» RECORDED DATA
——————

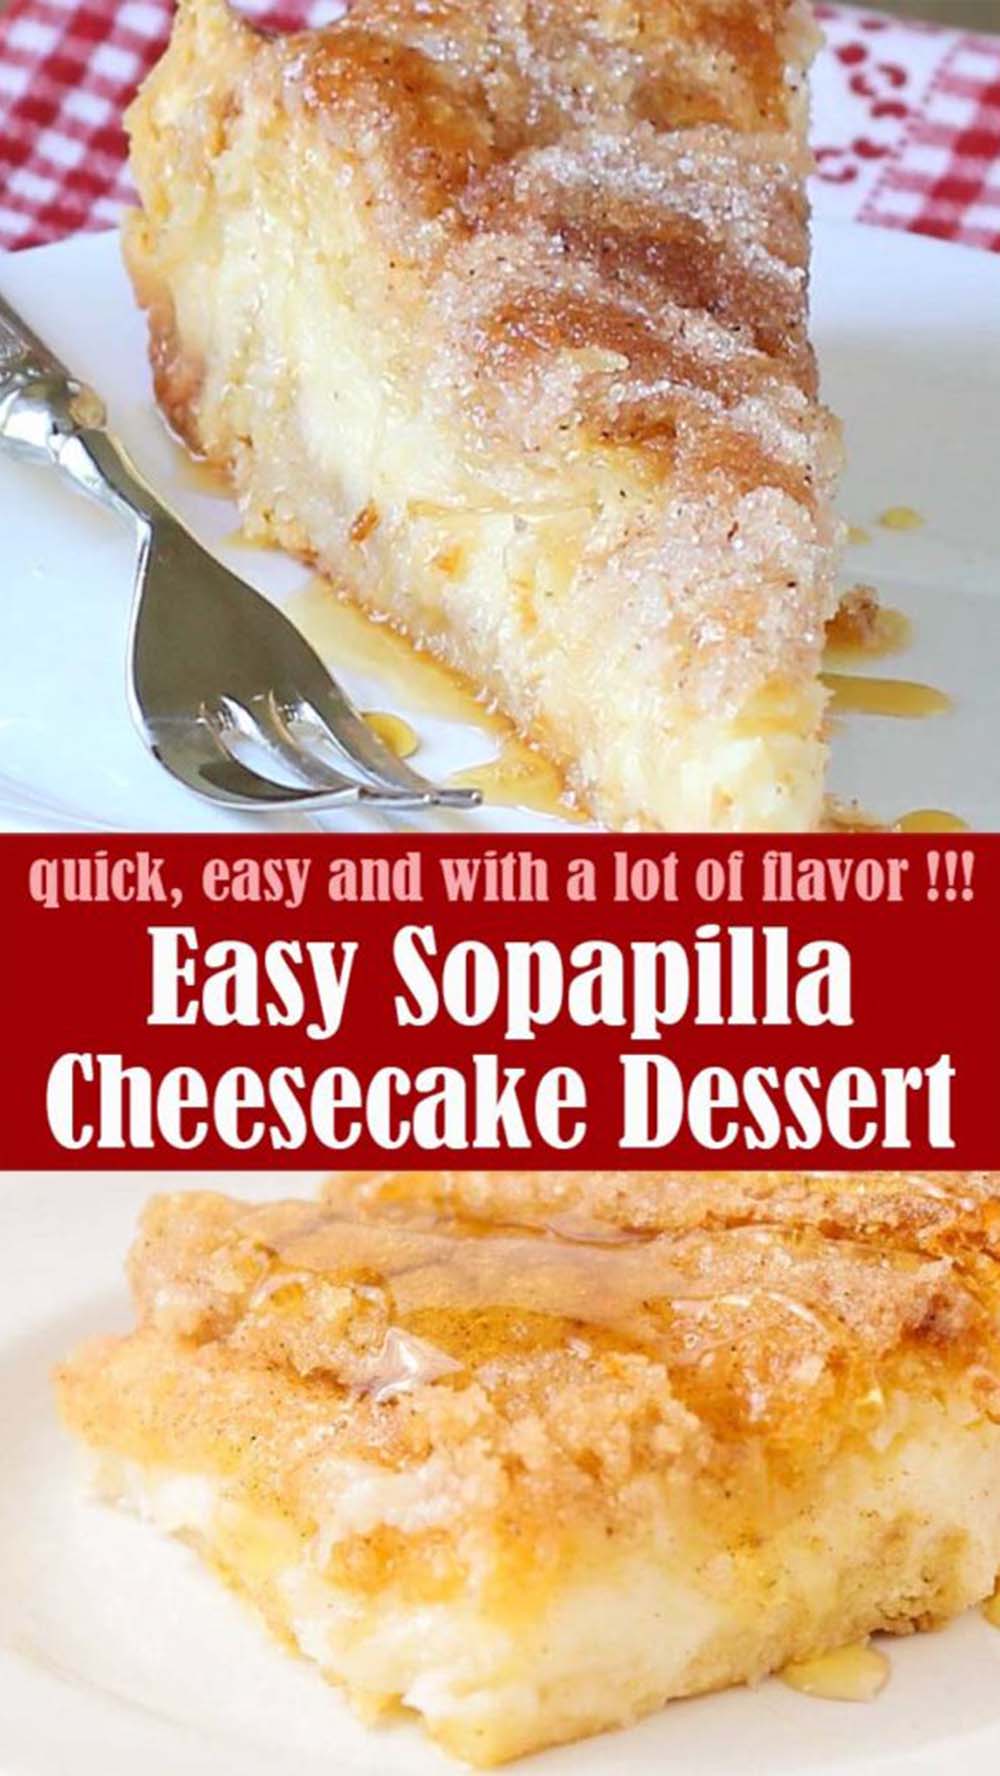 Easy Sopapilla Cheesecake Dessert Recipe
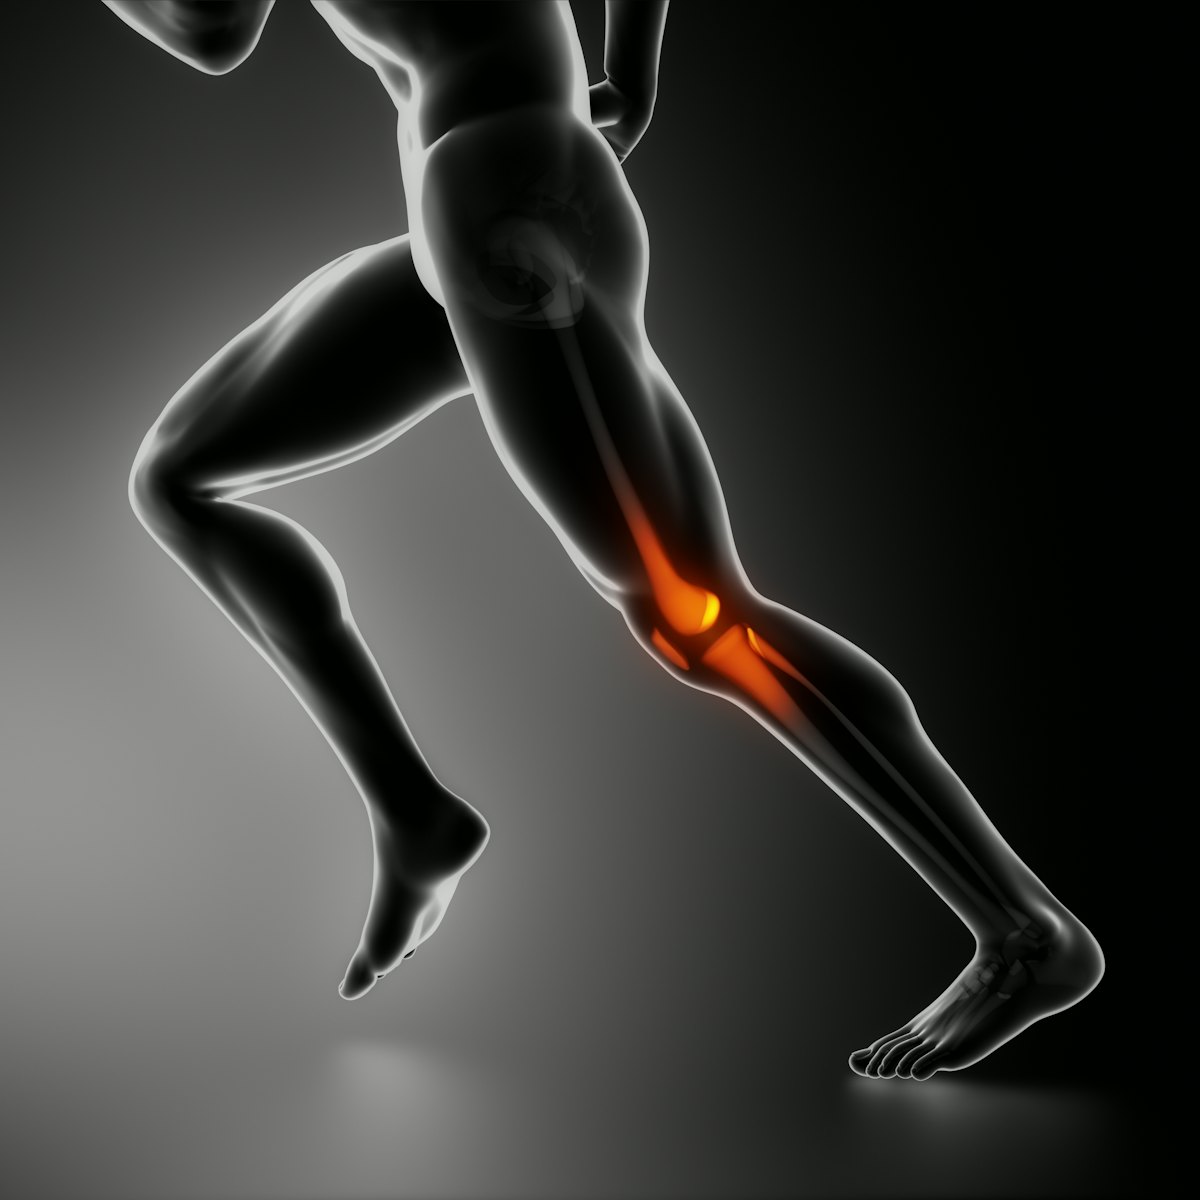 Риск развития остеоартрита коленного сустава может зависеть от мышечной массы
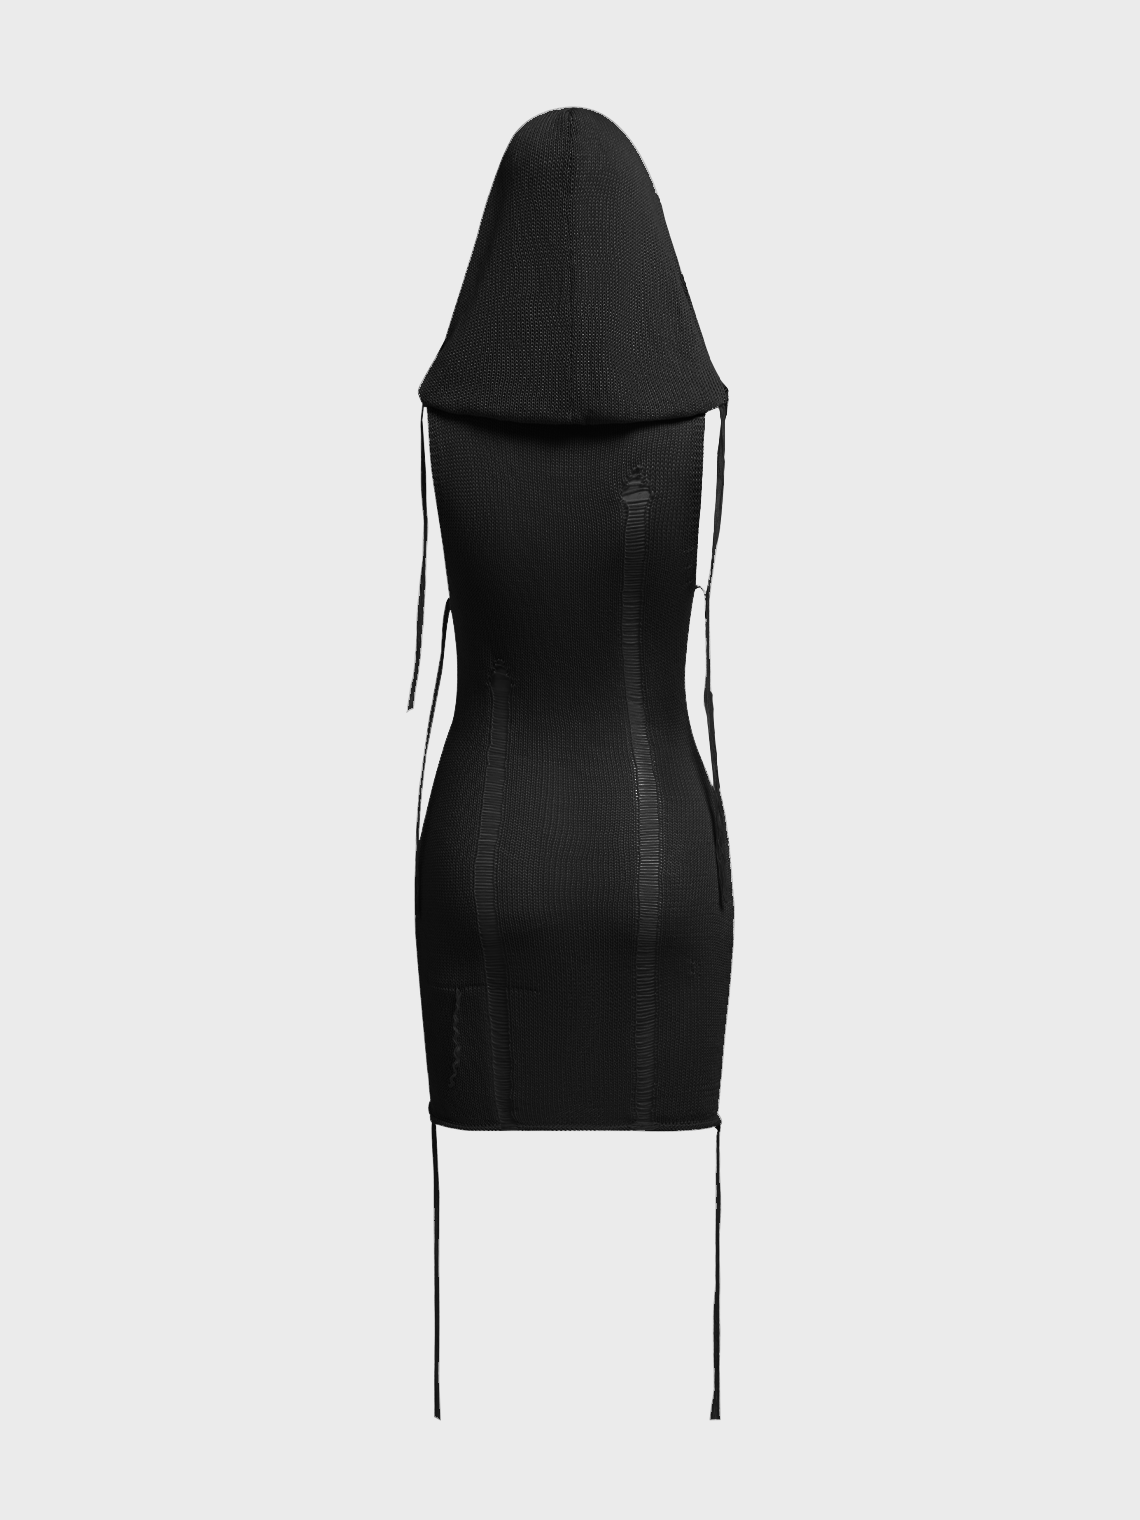 【Final Sale】Punk Black Dress Mini Dress

——————

» EXERCISE AIM
Output the material above exactly, without pictures.

» SOLUTION TO THE EXERCISE
 Easy Sopapilla Cheesecake Dessert Recipe
 Риск развития остеоартрита коленного сустава может зависеть от мышечной массы
 【Final Sale】Punk Black Dress Mini Dress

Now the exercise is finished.